The Lads Got Talent: This should be obvious, but always include at least one henchman type that can be raised to a hero.
Warband Size: Most warbands should have a maximum of 15 warriors. If the warband is especially elite (or witch hunters for some reason), knock that down to a maximum of 12. In rare, rare cases, if there's an abundance of weaker troop choices, you can make the maximum 20.
Number of Heroes: The maximum number of heroes any warband can have at one time is 6, but most warbands can initially only hire 5. In only very special cases should you deviate from that, usually in the case of having an option of more if your heroes are particularly weak, or less if they are particularly strong.
Spellcasters: Spellcasters are rare, and any warband (outside of hired swords) should only have the option of hiring one at a time, if any.
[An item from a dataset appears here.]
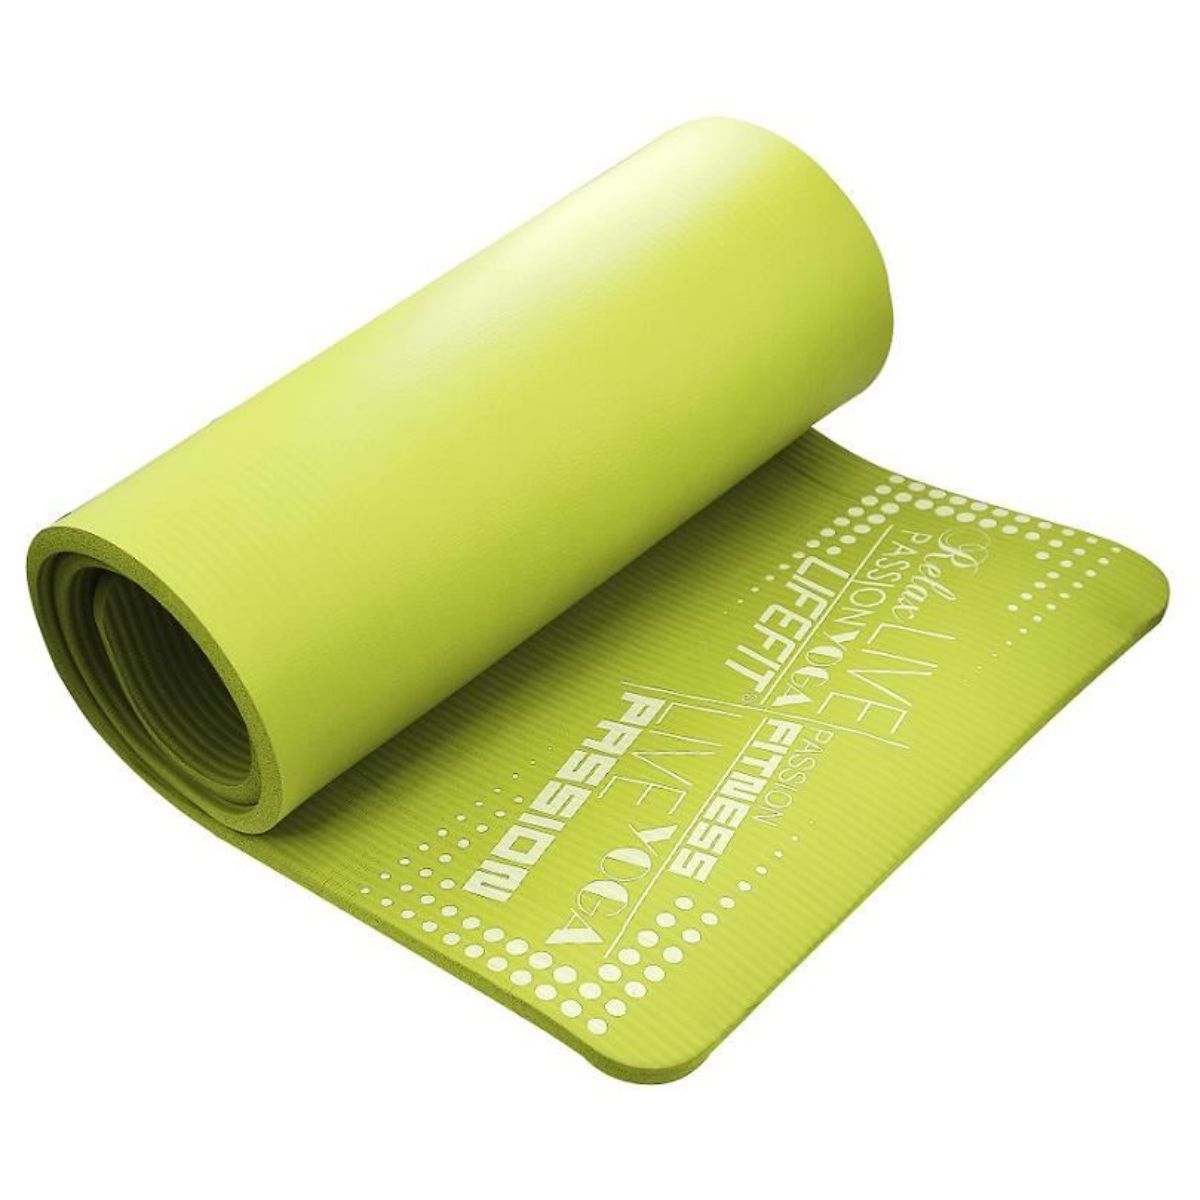 Covoras yoga Exclusive Plus DHS, Verde, 180 cm DHS imagine 2022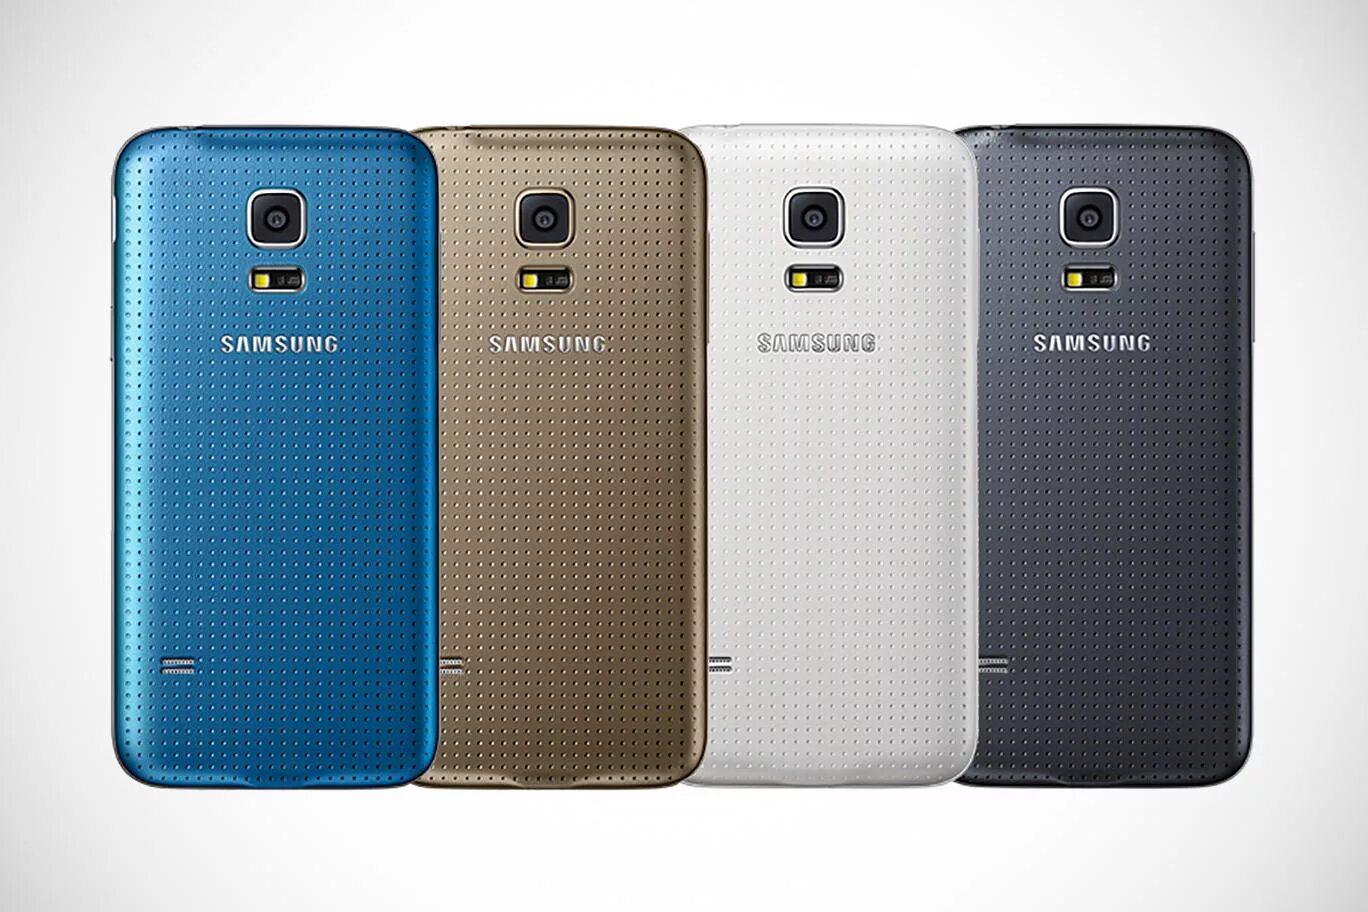 Самсунг галакси s5 Mini. Samsung Galaxy s5. Samsung Galaxy s5 Mini Duos. Samsung s5 Mini Duos.

If a strong argument can be made for multiples, 2 is the absolute maximum, one of whom should be significantly weaker than the other.
Equipment: In most cases, not all equipment options should be available to every member of your warband. This is a good place to help add some character to your creations, ie: the restrictive equipment list of Witch Hunter Flaggelants or the expansive Ranged Weapons section of Mercenary Marksmen.
Run of the Mill: In most cases, there should be a generic-ish, fairly inexpensive choice among your henchmen that has no limit of how many can be hired (ie: mercenary warriors), and your more specialized troops should have a specific limit of how many you can hire (ie: mercenary swordsmen and marksmen), to avoid an unrealistic eliteness/specialization to your warband.
No Gunlines: Despite the arguments about how to overcome one, no one wants to play against a warband that just blasts them from across the board, and forces a route before a single combat can be fought. Try to avoid writing a warband capable of this.